Response to Reply #10
21. Why not grenade launchers? Because we're talking about defensive armament here
Grenade launchers are what Jane's Infantry Weapons calls "area effect" weapons. The typical 40mm grenade fired by the M79 and M203 grenade launchers needs to travel 27 meters (90') before it arms itself, making the minimum range at which such weapons can be used 30 meters (100'). The high-explosive grenades these weapons fire have a "kill radius" of 5 meters (17') and a "casualty radius" of 15 meters (50'). In civilian applications, including law enforcement, there is no situation that justifies the use of a weapon with a minimum range of 100 feet that will injure, possibly kill, anyone up to 50 feet from the intended target. You can't resolve a hostage situation with a weapon that will kill all the hostages along with the hostage takers. Well, you can physically speaking, but not in a way that is politically acceptable (except if you're a member of a Russian counter-terrorist unit).
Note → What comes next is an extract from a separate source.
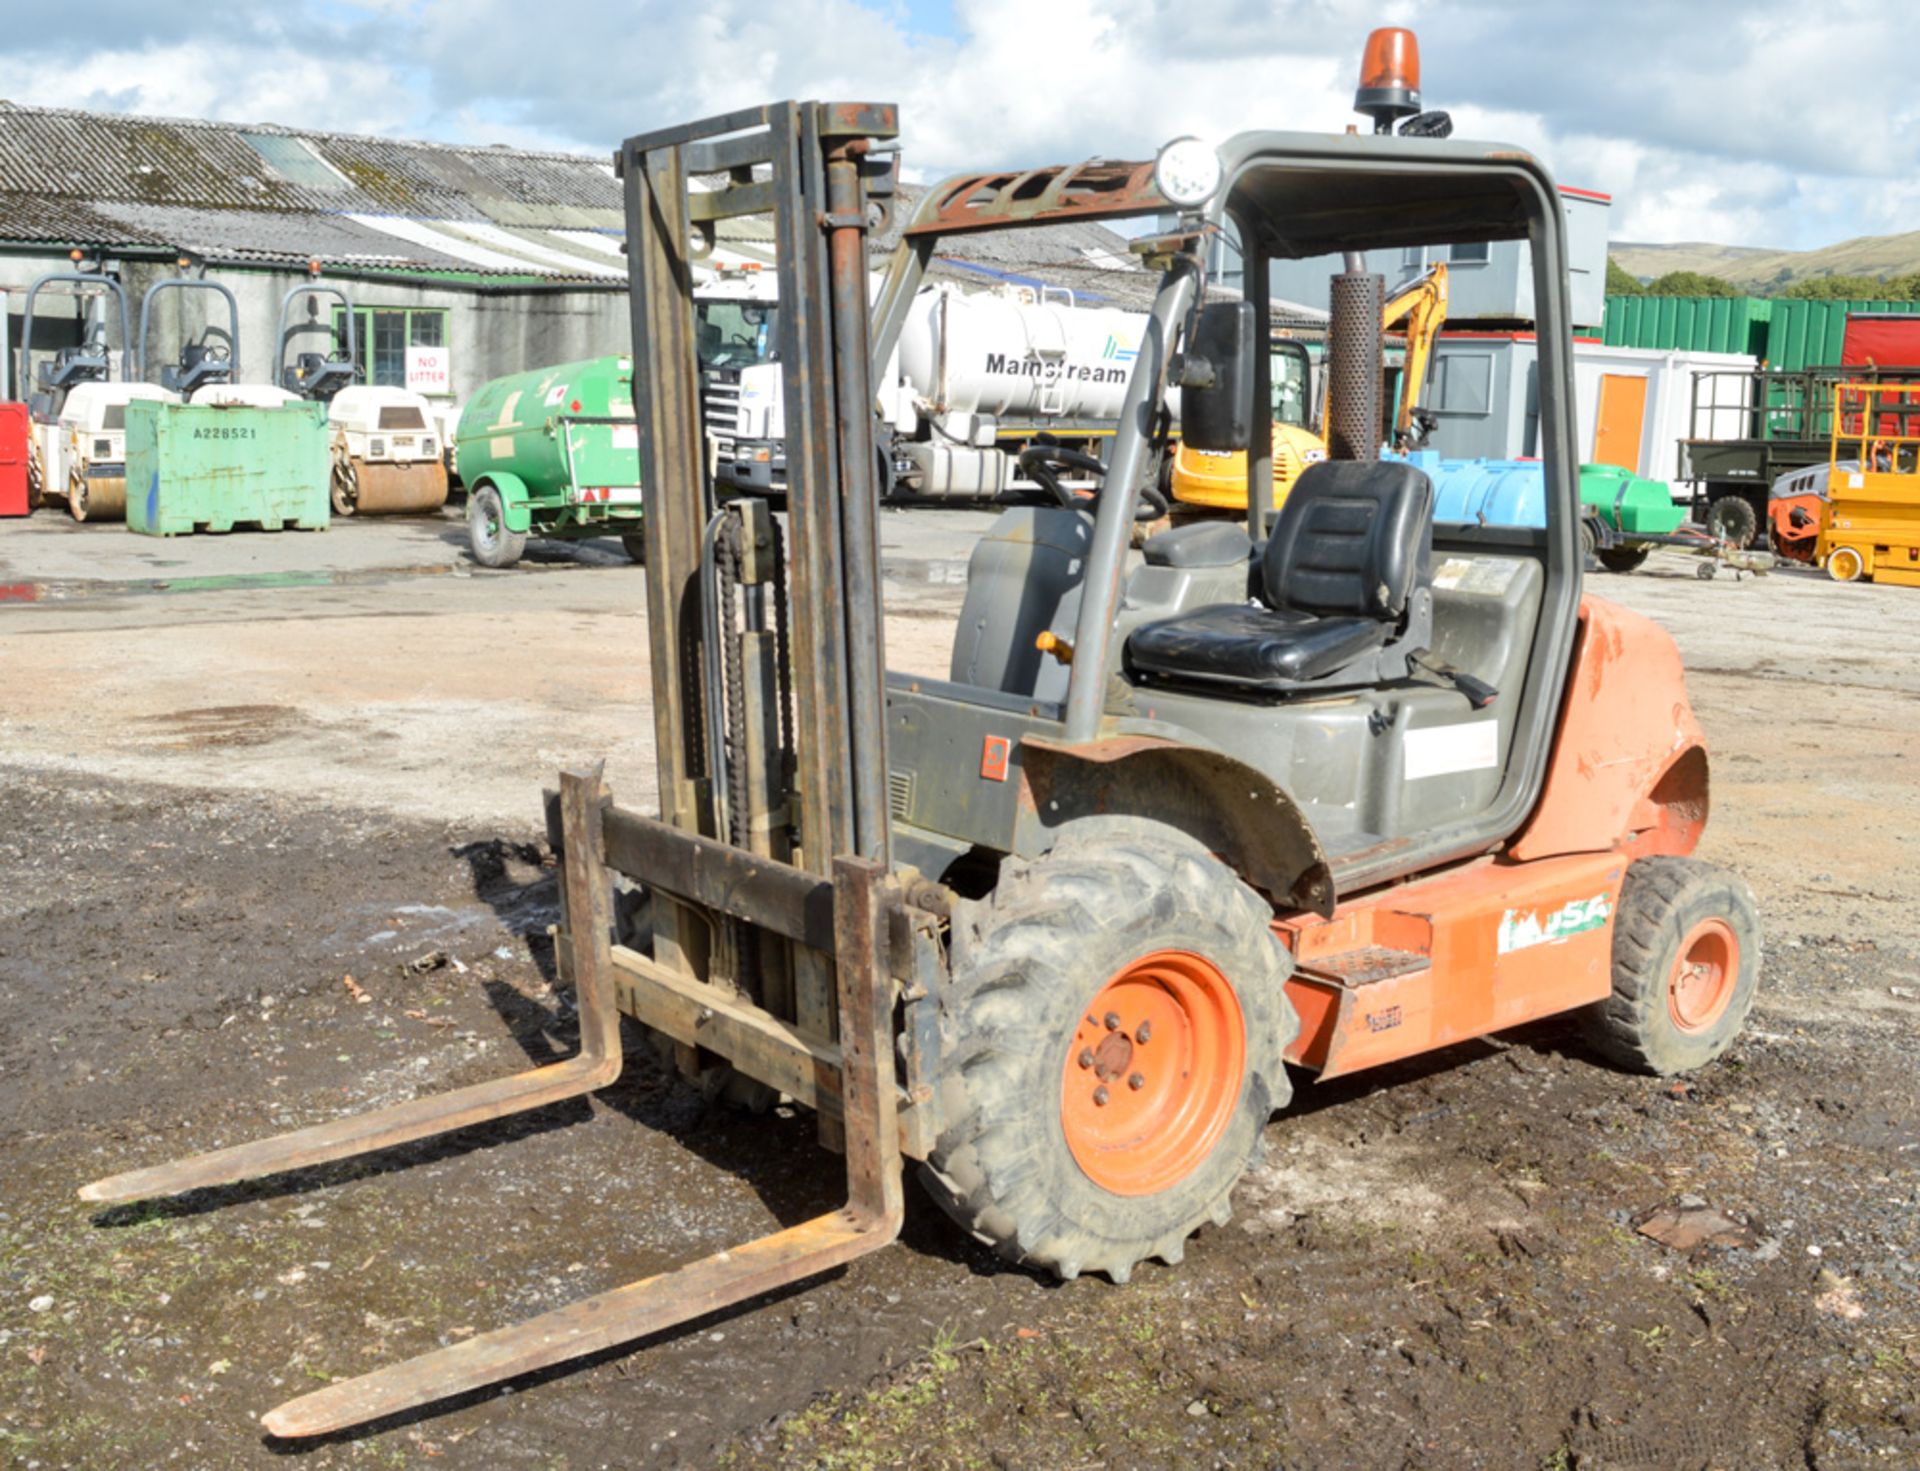 Ausa C150 H diesel driven fork lift truck Year: 2007 S/N: 1205896 Recorded Hours: 1706 A442765 **

By contrast, a "point target" weapon such as a repeating handgun, shotgun or rifle, can incapacitate the intended target without destroying the surrounding area if a shot misses (or, with a grenade launcher, even if it doesn't).
I want the line to be drawn at front-loading, single-shot flintlocks like the framers intended.
Right. So, by extension, you also believe that the "freedom of speech, and of press" only applies to technologies available in 1787 (as other posters have noted), the "right of the people to be secure in their persons, houses, papers, and effects" doesn't apply to motor vehicles, computers, or houses built using methods developed after 1787, and that whenever the Constitution speaks of "the several states," it only means the original thirteen states, and the other 43 can go take a powder, right?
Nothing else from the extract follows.